September 29th, 2016

Silly calls to Warwickshire Police prompt appeal

Silly calls to Warwickshire Police prompt appeal Silly calls to Warwickshire Police prompt appeal
Updated: 8:26 am, Aug 06, 2015

A SQUIRREL lying on the ground in a park was just one of the recent nonsense calls received by Warwickshire Police.

It has prompted police chiefs to appeal to people to stop and think after a resident called police genuinely concerned about a squirrel lying on the ground in a park – it appeared to be dead but being unaware of which service to contact, they called the police.
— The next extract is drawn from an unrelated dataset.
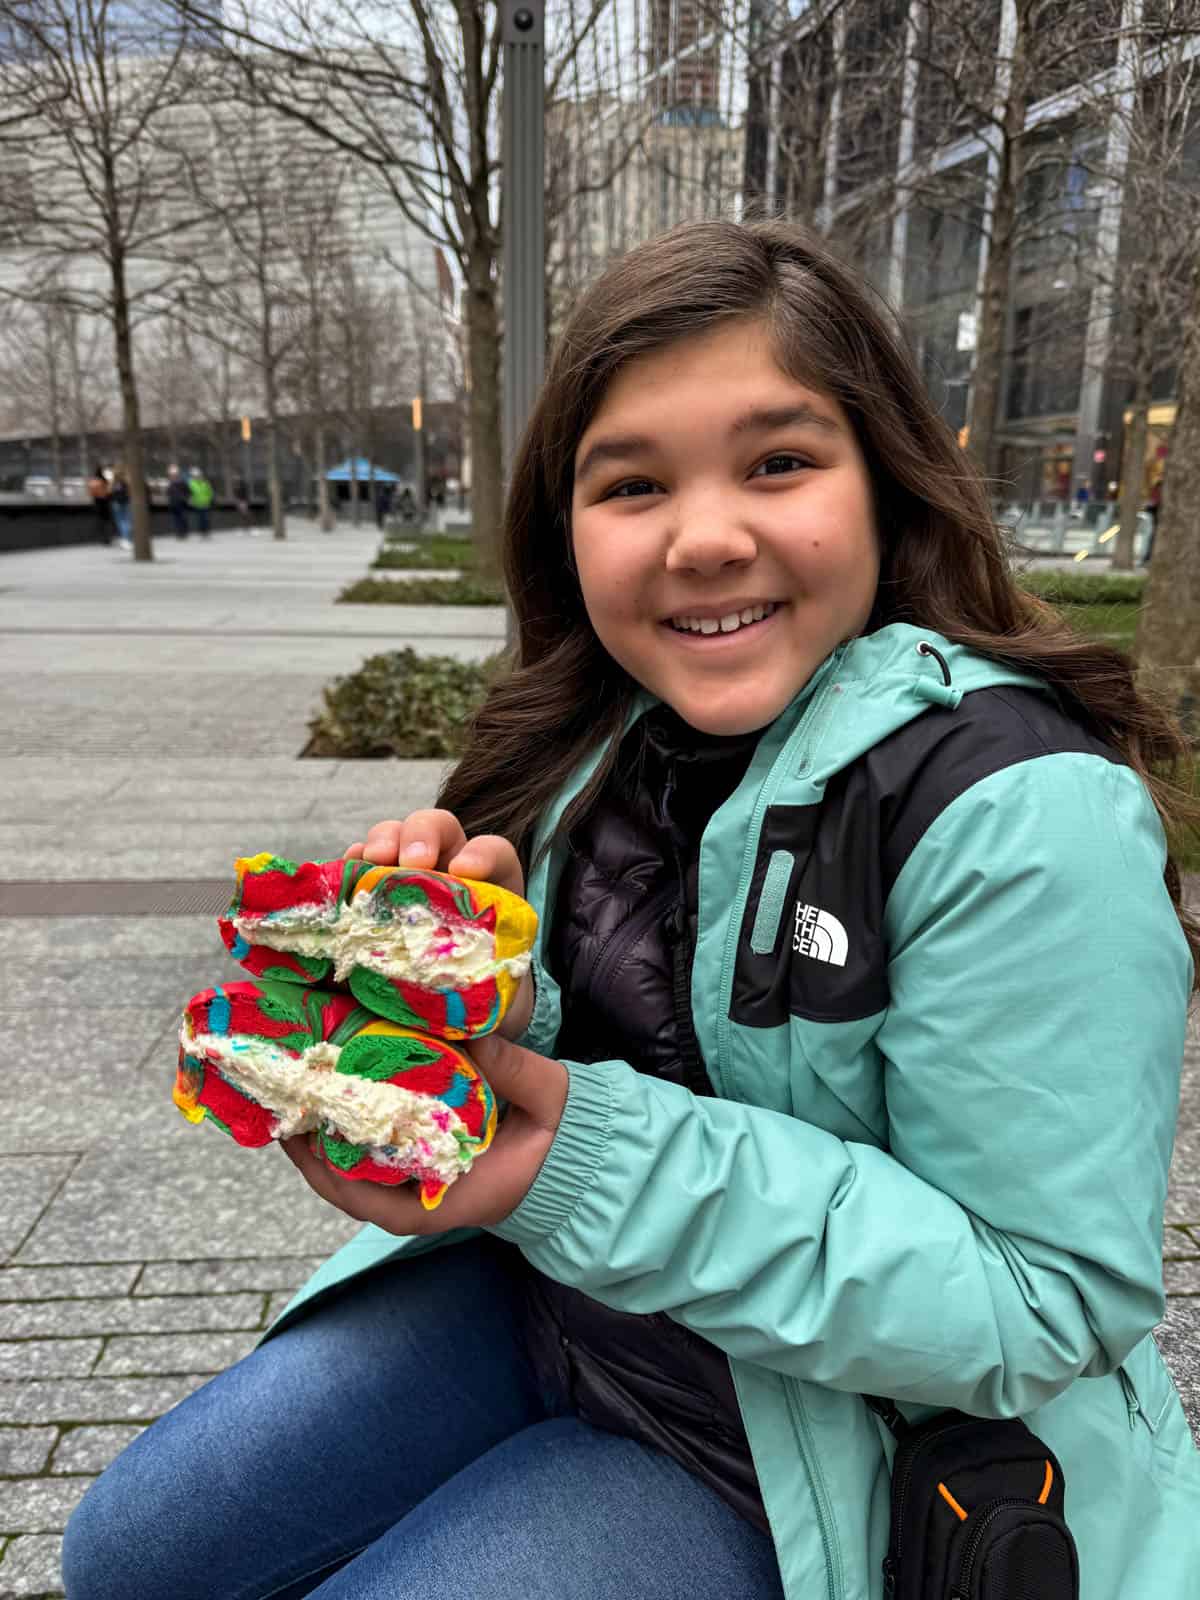 A girl holding a rainbow bagel with birthday cake cream cheese.

Over the summer months Warwickshire Police receive the highest number of calls to the police emergency number 999 and the non-emergency number 101. On average Warwickshire Police received a call every two minutes.

“There’s a squirrel lying on the ground”; “My parcel hasn’t been delivered”; “My neighbour’s washing machine is too loud”, and “My finger is stuck in a bottle” – are just four of the latest quandaries that have prompted people to call 101.

Most of the calls received are valid reports such as minor traffic collisions, stolen vehicles, or damaged property.

But as well as genuine calls, the force has seen an increase in misdirected calls about birds and animals, parcel delivery complaints, salary payment delays and noisy neighbours.

Times to call 101 include reporting a stolen vehicle, damaged property, or suspected drug dealing.

But many also believe police can intervene for issues of noise nuisances, such as a dog barking, or for graffiti removal from a public area – but such matters are dealt with by councils.

Ch Supt Steve Cullen, said: “The 101 number provides a vital service for people to contact us for non-emergency matters – but using it inappropriately detracts from all the cases where people genuinely need our help.”

“Every call takes time to answer and assess properly for our response. For every misdirected call we receive, people who do require a police response may have to wait longer to have their call answered at the busiest times.”

Many queries can be resolved with a simple internet search – www.askthe.police.uk – or a call to directory enquiries.